Выбрать главу

— Нишкни, Муха... — раздалось уверенное, с заднего сидения — не стучи копытами...

Муха, в ином случае уже подорвавшийся бы — не повел и ухом. Более того — он стерпел бы любое оскорбление и даже почти любое издевательство от развалившегося королем на заднем сидении можной «восьмеры» сухого, среднего роста очкарика. Муха был стремящимся[21] — отмотал всего один срок, и то по малолетке, но по серьезной статье — групповой разбой и тяжкие телесные, повлекшие смерть, целой компанией до смерти запинали мужика и забрали получку. А вот тот, кто сидел на заднем сидении один — такие как он, не могут терпеть соседей — уже носил погоны на плечах[22]...

— Рыба!

Выигравший дядек — лет шестьдесят, с неопрятной седой щетиной — победно посмотрел на соседей и партнеров по игре...

— Ну, ты и дашь, Виталич...

— А то...

— Вы его лапсердак[23] потрясите, юноша. Там небось — много чего припрятано...

— Виталий Семенович...

— Я шестьдесят три года как Виталий Семенович... — сказал лысоватый крепкий старик, выкладывающий на стол монету в пятнадцать копеек (играли по мелочи) — в машинах, у четвертого, кто?

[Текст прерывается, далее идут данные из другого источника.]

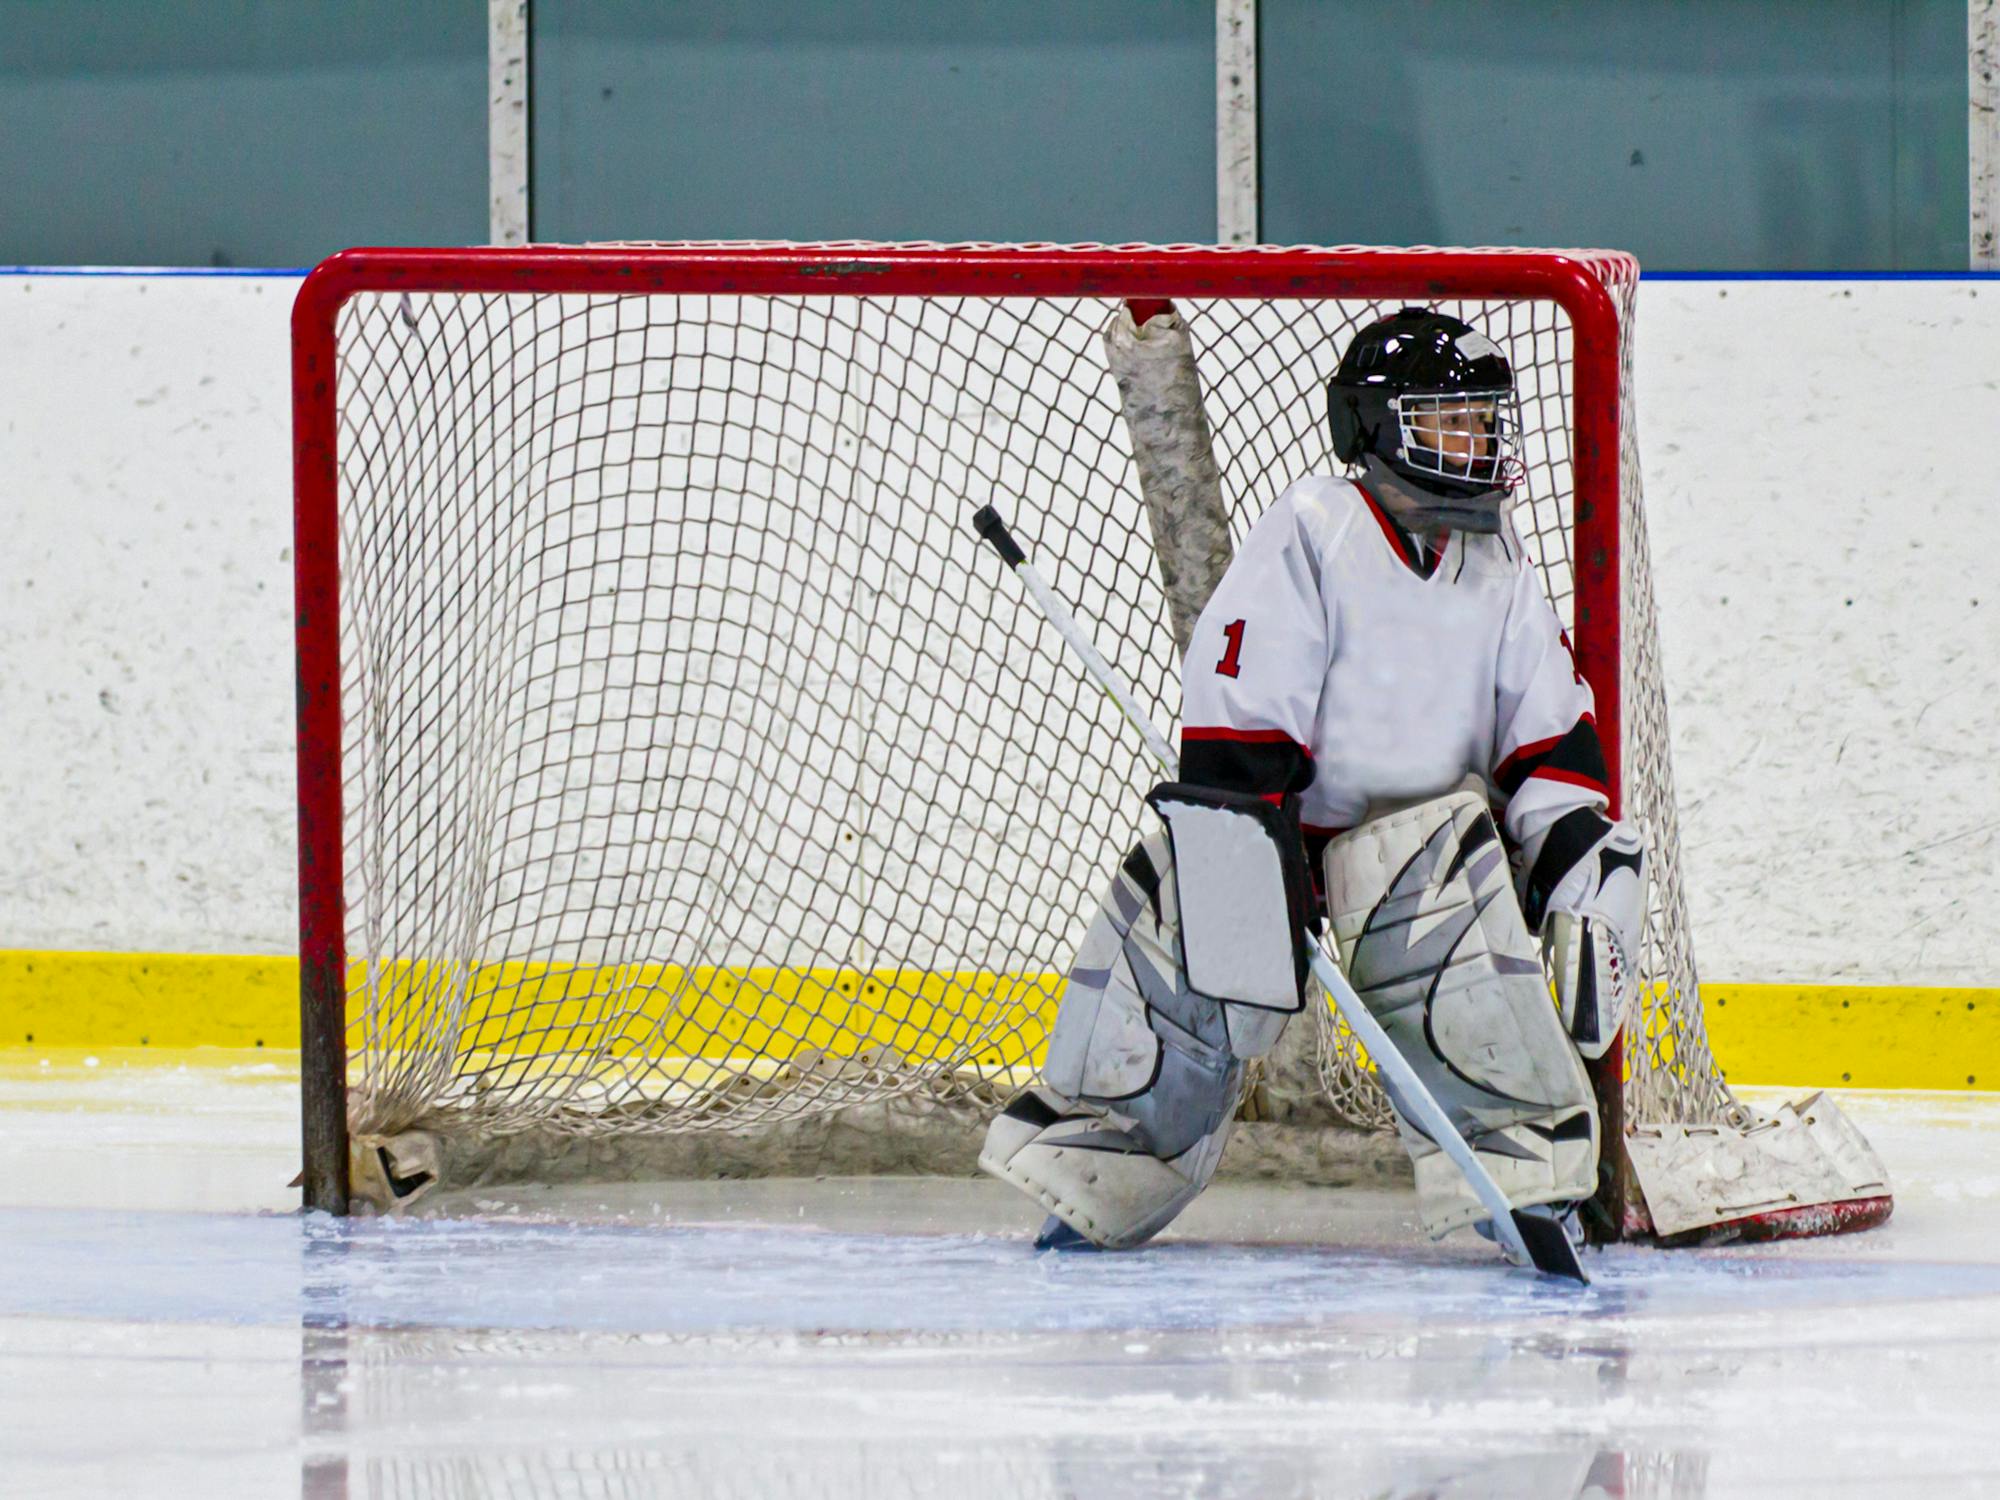 a young hockey goalie playing in net

Один из стариков надел старые, с замотанной синей изолентой дужкой очки, подслеповато всмотрелся.

— К Маринке, наверное. С третьего. У... блядища, кобели так и таскаются.

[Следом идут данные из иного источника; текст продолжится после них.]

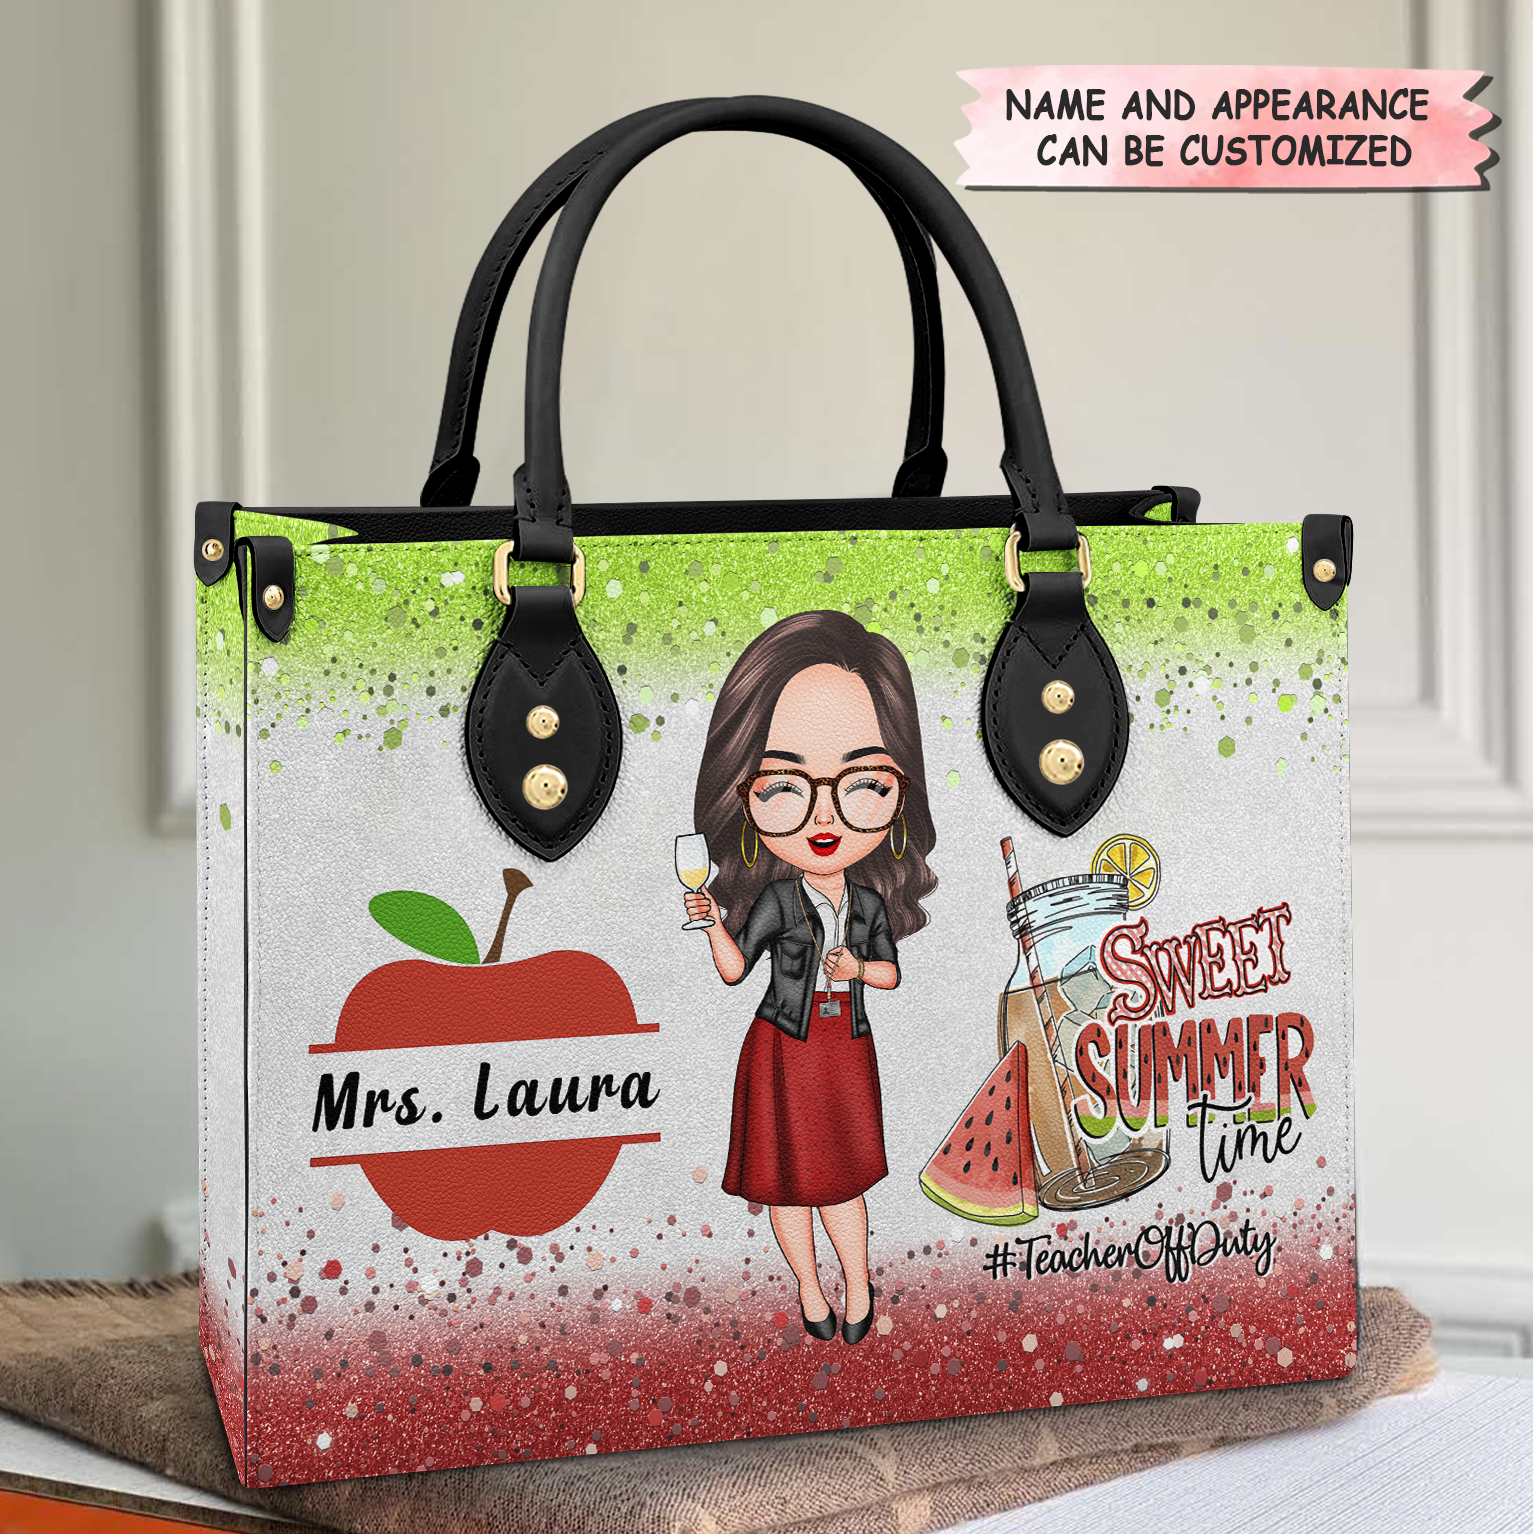 Personalized Leather Bag - Gift For Teachers - Sweet Summer Time

— Может, вызвать? Пускай проверят...

— Да ну... Связываться... Давай, мешай... а ты, Виталич, в стороне сиди. У тебя руки...

— Золотые...

— Угу. Того самого цвета.

А один из сидящих за столом мужчиков — он в этом дворе был всего чуть больше часа, но в компашку доминошников вписался как родной — подумал, что не все зависит от милиции. Хают милицию, хают... кому только не лень. А вот и в самом деле — оторвать задницу от скамейки, пойти и позвонить... нет. А ведь еще лет десять назад — пошли бы и позвонили. И в отделении... не отфутболили бы, как сейчас это бывает... приходится даже телефоны выборочно прослушивать и сверять с записями в журнале регистрации, чтобы выяснить сколько не зарегистрировали — а прислали бы помогайку[24], да проверили бы документы. Вот и спалилась бы банда. Но нет — не сходят и не позвонят, как будто не в своей стране живут. А потом — жалуются, что преступность выше крыши, на улицу вечером не выйти.

Правда, виноваты в этом обе стороны. Люди стали другими, государство стало другим. И ничего с этим не поделаешь...

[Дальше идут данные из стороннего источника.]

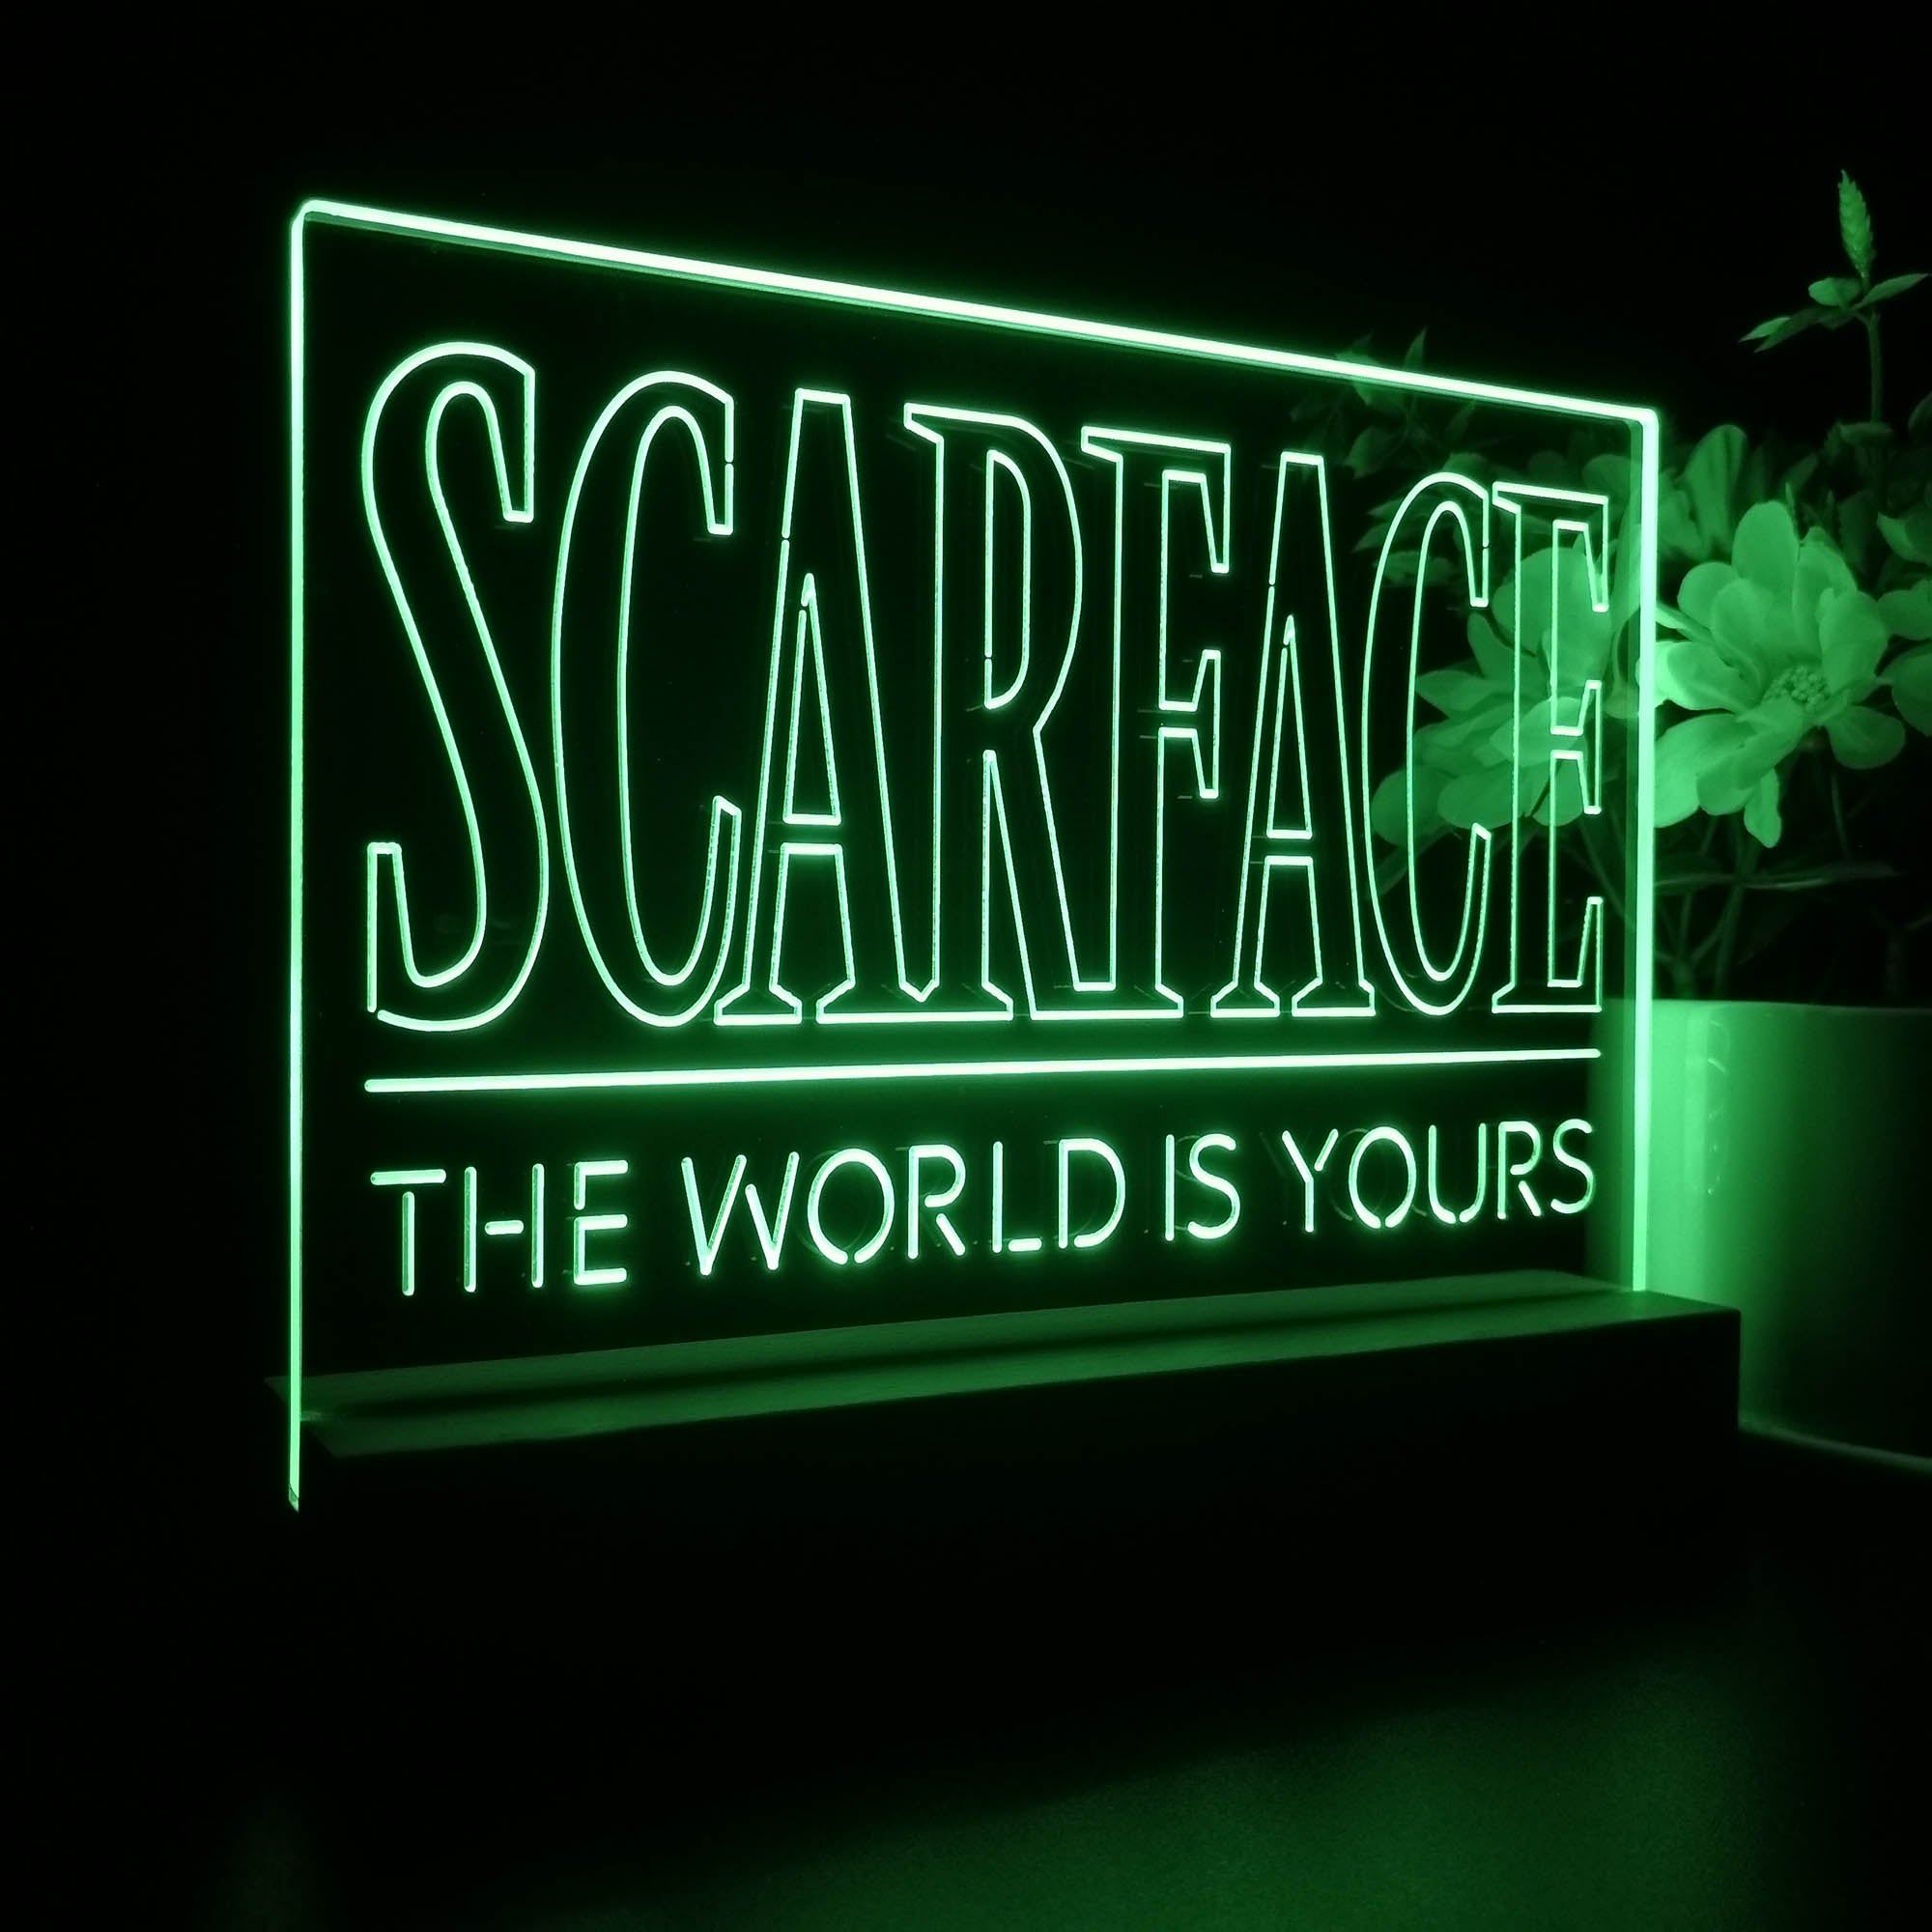 Scarface The World is Yours Night Light LED Sign

— Ходи... — кто-то ткнул его локтем в бок

Он сходил.

Веселая компашка пацанов — вынырнула из подворотни, помчалась по двору, размахивая портфелями и весело топая по лужам. Это был их двор, их город, их страна — и все, что было перед ними в качестве проблем — это годовая контроха по русскому. Только и всего...

— Глянь! Витек! Восьмерка!

В те времена — даже новая модель Ваза привлекала внимание, что уж говорить об иномарке типа Тойоты, одно появление такой машины во дворе было настоящим событием, из соседних дворов смотреть сбегались. Мигом забыв проблемы с предстоящей контрохой — пацаны заворожено уставились на рублено-обтекаемое чудо советского автопрома.

— Восьмера...

— А у меня такая же будет...

— Врешь!

— Не вру! Брат из Афганистана вернется — ему положена!

— Держи карман шире!

— Смотрите, на стекле чего написано!

Хлопнула дверь, с водительского сидения выбрался водитель восьмерки. Нагловатого вида, джинсы, кожан — похож на таксиста нового поколения, поднимающего три зарплаты на леваке и прирабатывающего продажей водки, а кое-где — уже и наркоты...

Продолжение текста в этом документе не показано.